Chronicle: February 2009 - May 2009

Article excerpt

February 2009

It was reported in the Dominion Post that changes to the Employment Relations Act and in particular the Employment Relations (Probationary Periods) Amendment Act would come into force 1 March 2009. The Department of Labour's Deputy Secretary, Workplace, Craig Armitage also promoted the employment agreement builder tool on its website in which he stated that: "... the employment agreement builder is designed to take out the hassle, and make it an easy and straightforward job that will take minutes not hours of time...".

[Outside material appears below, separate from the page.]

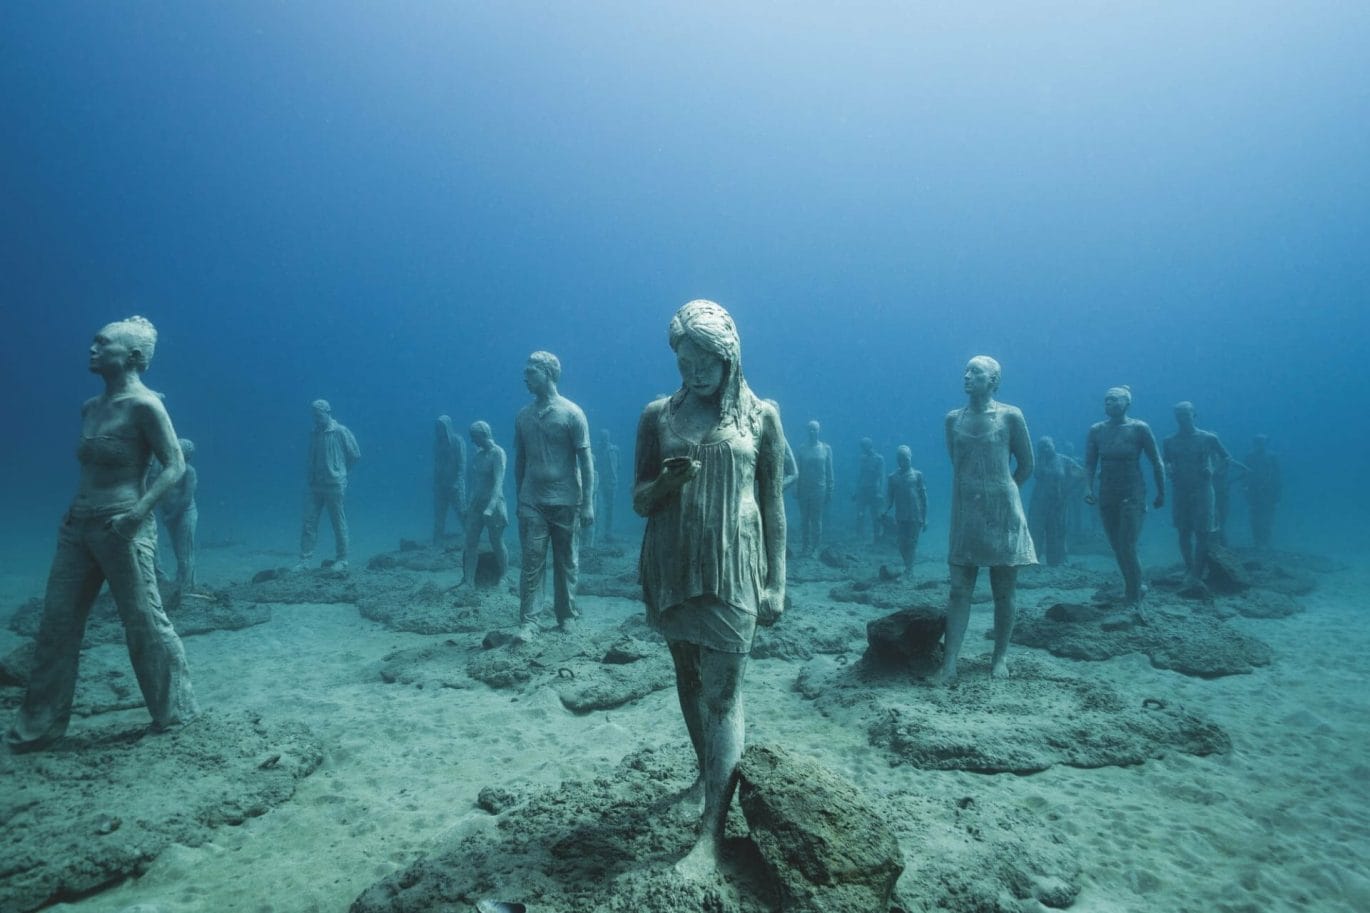 Jason deCaires Taylor, “Rubicon” (2016), stainless steel, pH-neutral cement, basalt and aggregates, installation view, Museo Atlántico, Las Coloradas, Lanzarote, Atlantic Oceanl. Photo courtesy of the artist

The NZ Herald reported the announcement of a Job/Employment Summit to take place in late February. Chaired by NZX chief executive Mark Weldon, the purpose of the summit was to come up with a clear and practical plan to minimise job losses during the recession. In a general discussion on the current economic climate and its impact, the article noted that it was unlikely that companies would give generous wage increases with some large employers announcing that their senior executives would not be receiving any increases. The Government adopted the same stance with the Prime Minister calling for a zero increase in MP salaries and urging unions to moderate their pay claims. The article argued that while the role of the summit was to keep as many people as possible employed, the real challenge was to improve productivity to enable companies and their employees to weather the downturn and position them to take advantage when conditions improve. It concluded that a bigger step would be the creation of a common vision for New Zealand by the Government, employers and unions.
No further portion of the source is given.